▶ Data shown:
+ + + +

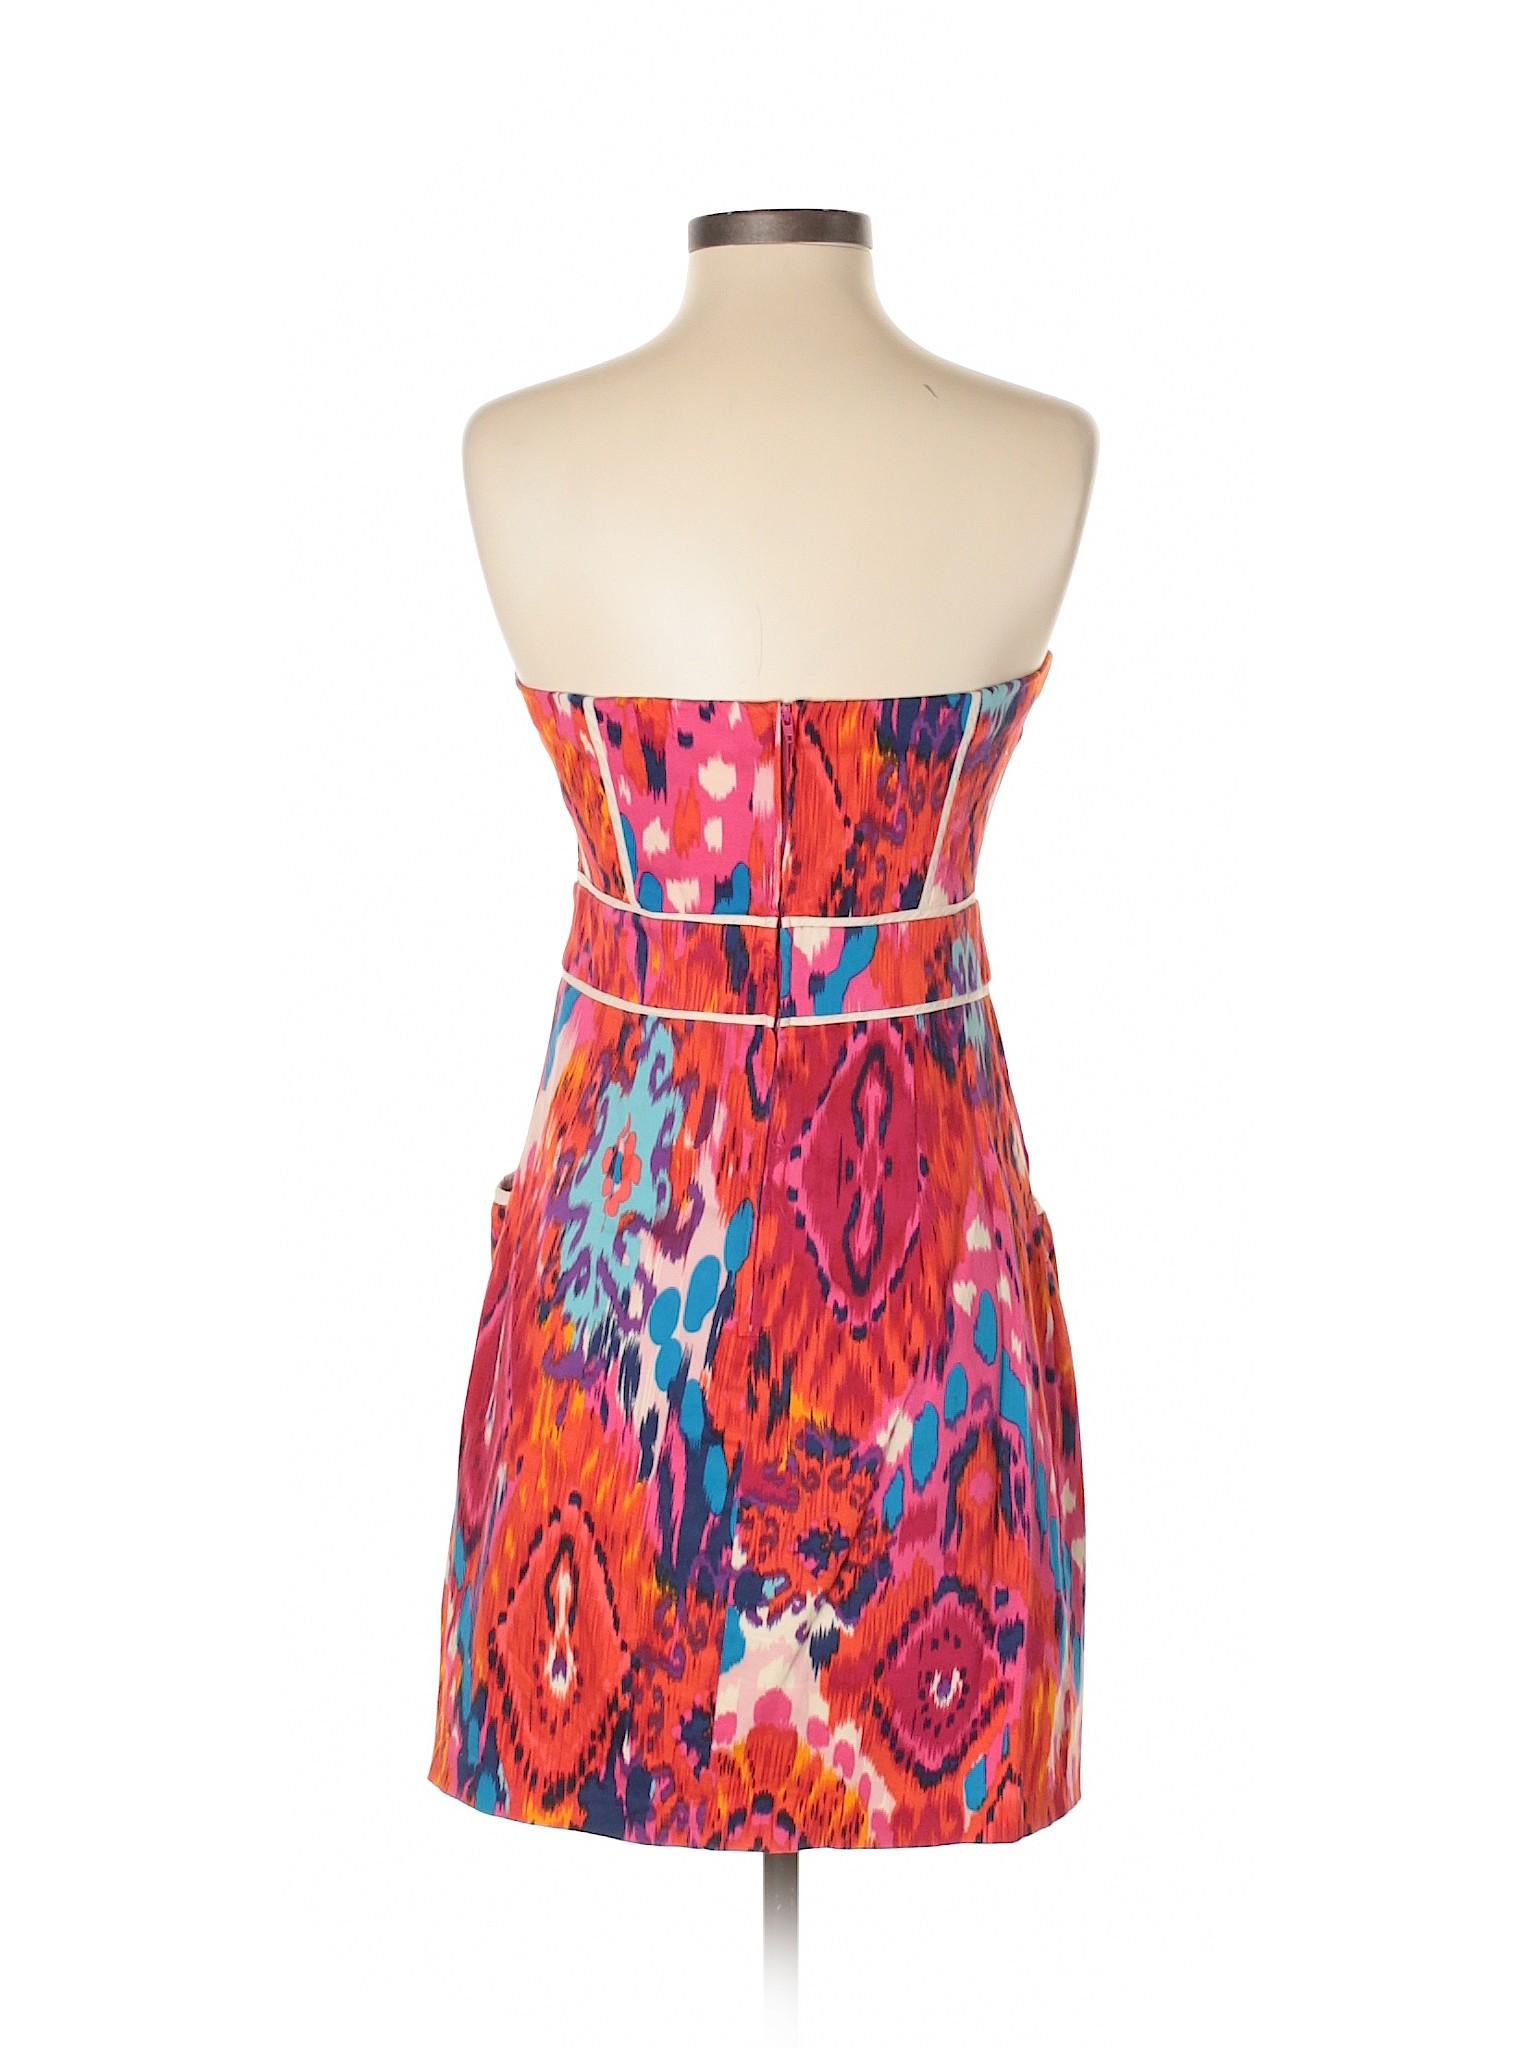 Smart Selling B Selling Smart Dress B Selling Casual Casual Selling Smart B Smart Dress Dress Casual Casual B qtZYwA
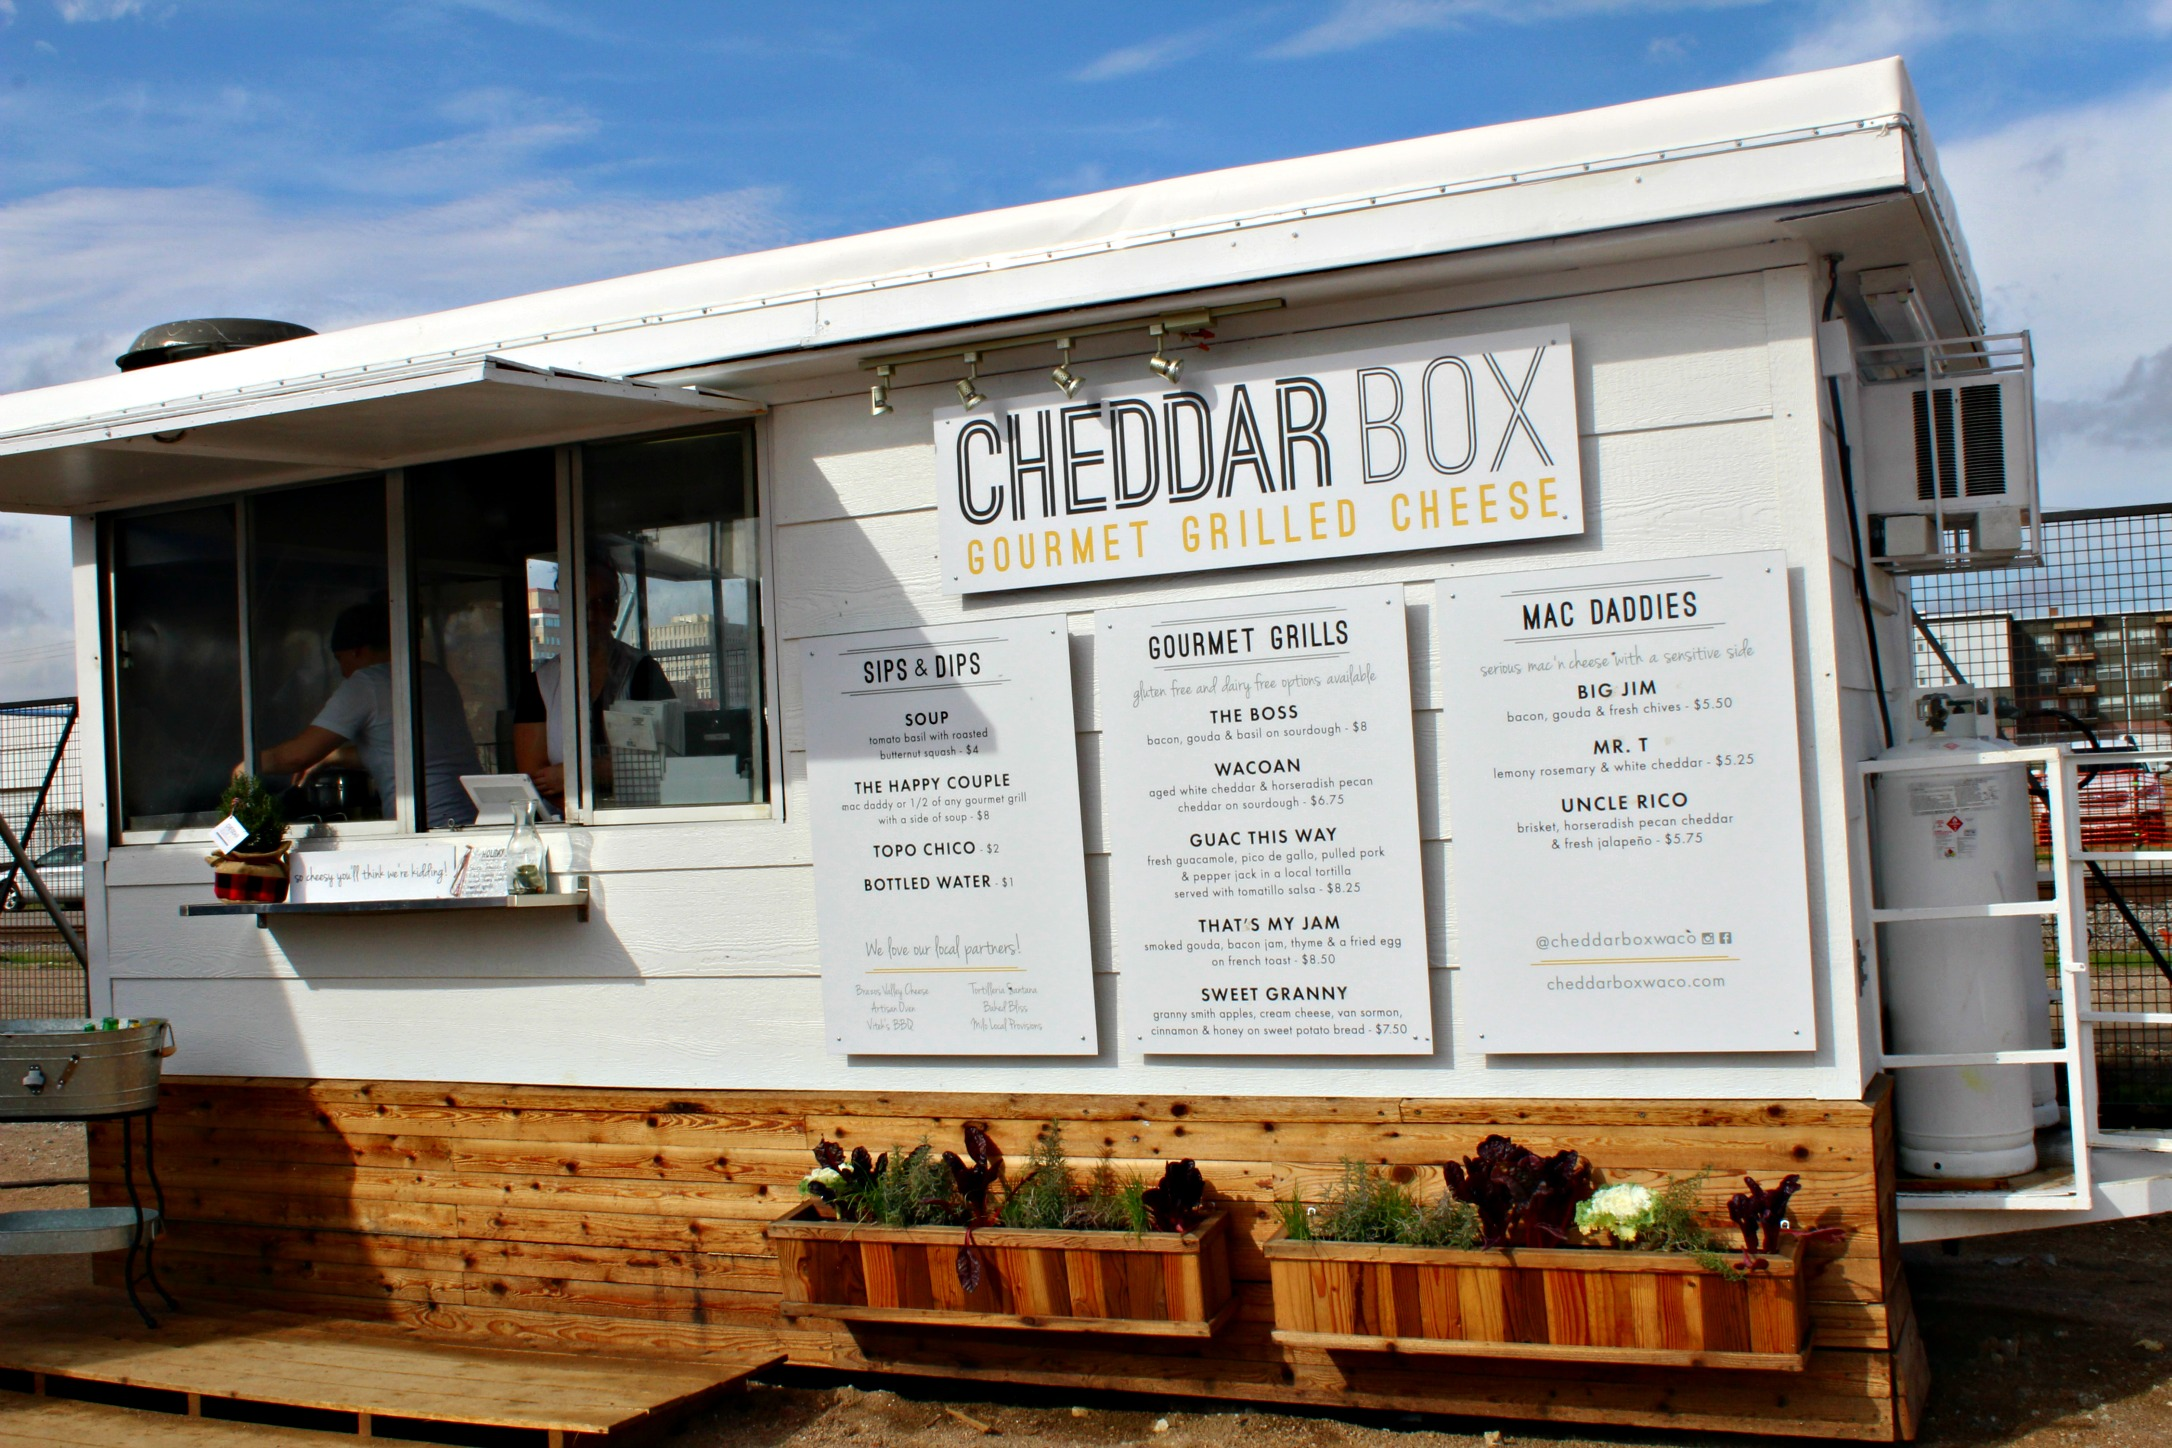 Magnolia Market Cheddar Box Food Truck
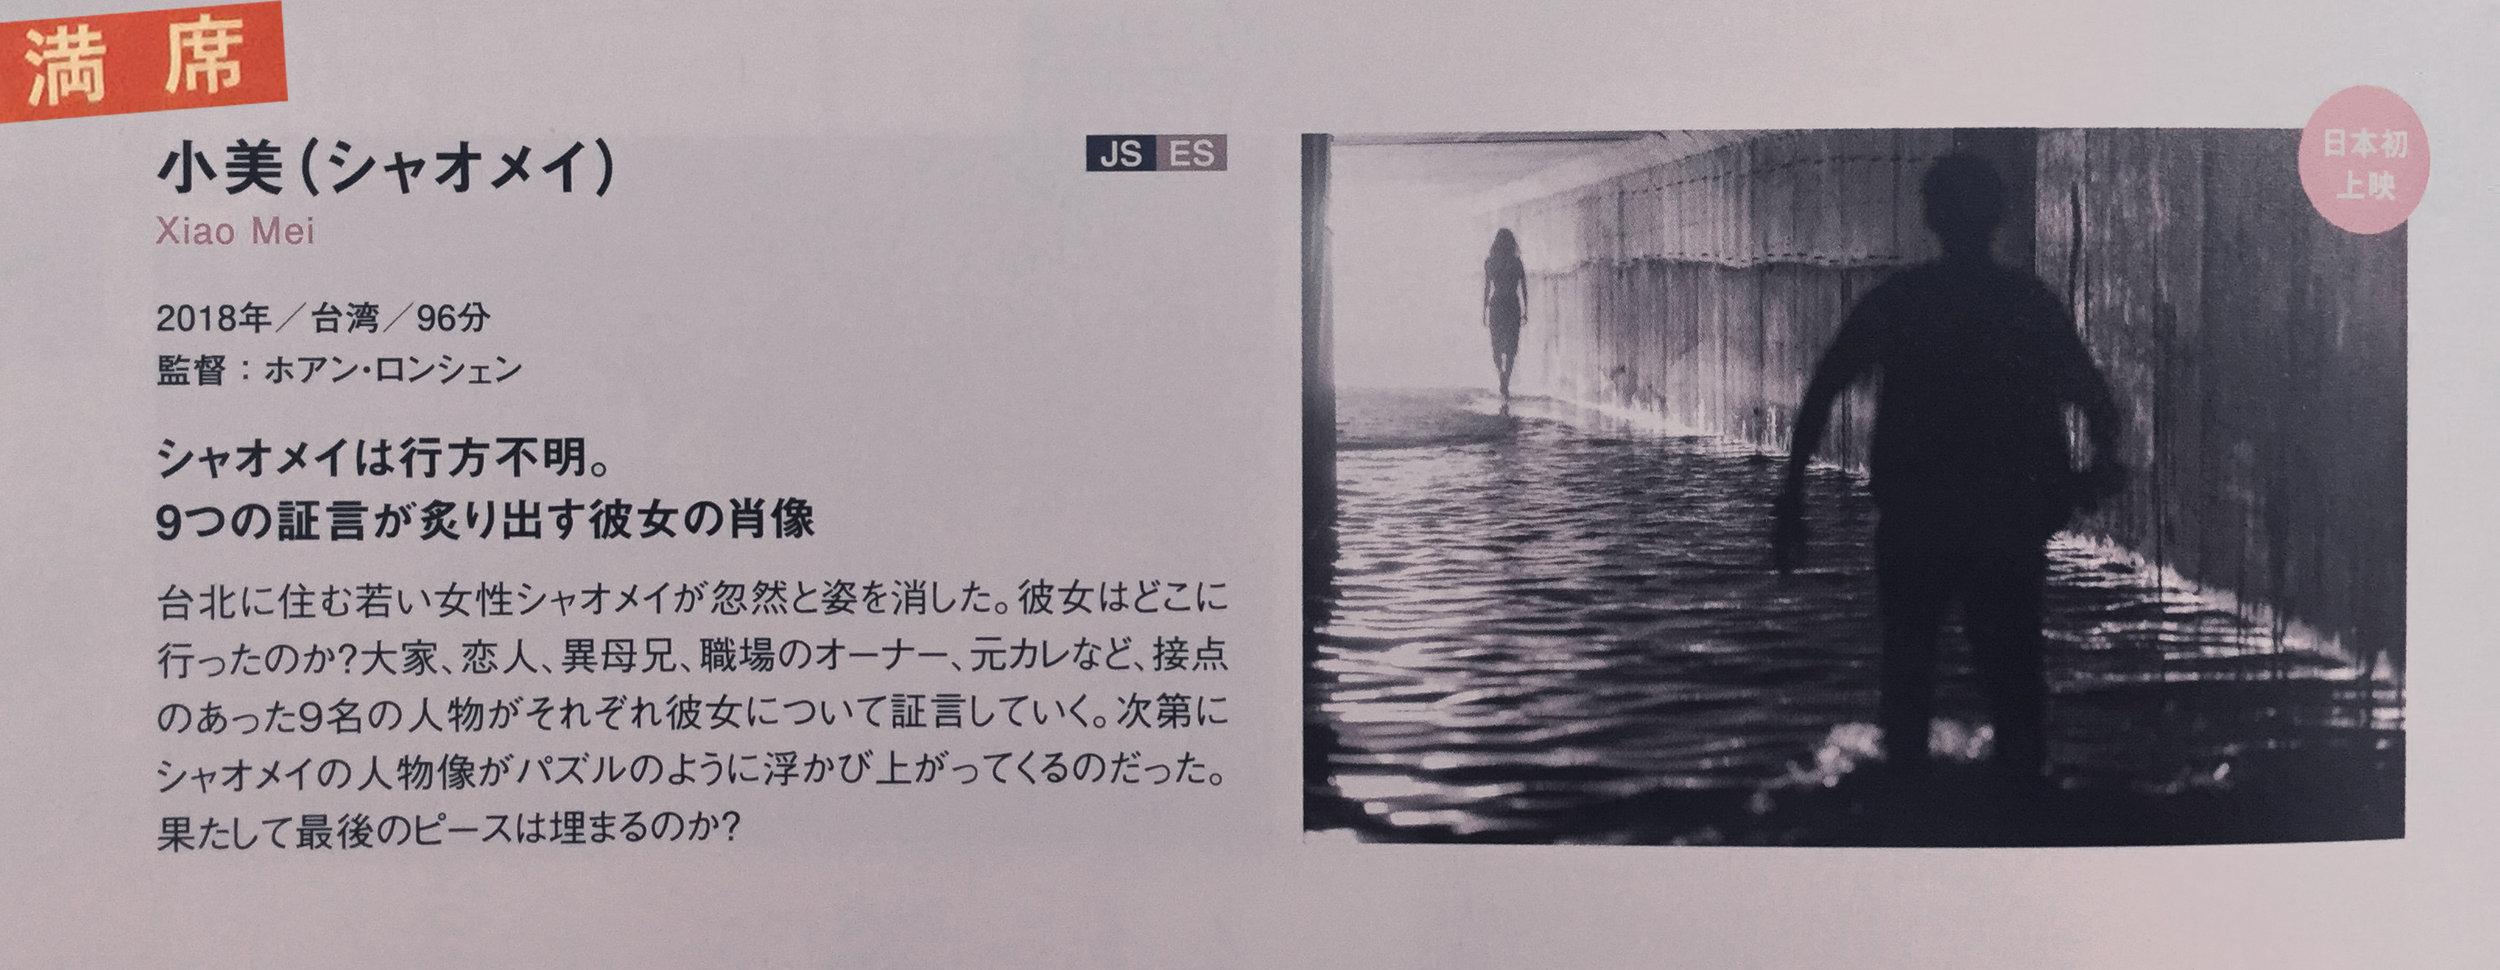 IMG_8753-1.jpg

+ + + +

Each line above should be output exactly, apart from the pictures.

▶ Solution:
 Smart Selling B Selling Smart Dress B Selling Casual Casual Selling Smart B Smart Dress Dress Casual Casual B qtZYwA
 Magnolia Market Cheddar Box Food Truck
 IMG_8753-1.jpg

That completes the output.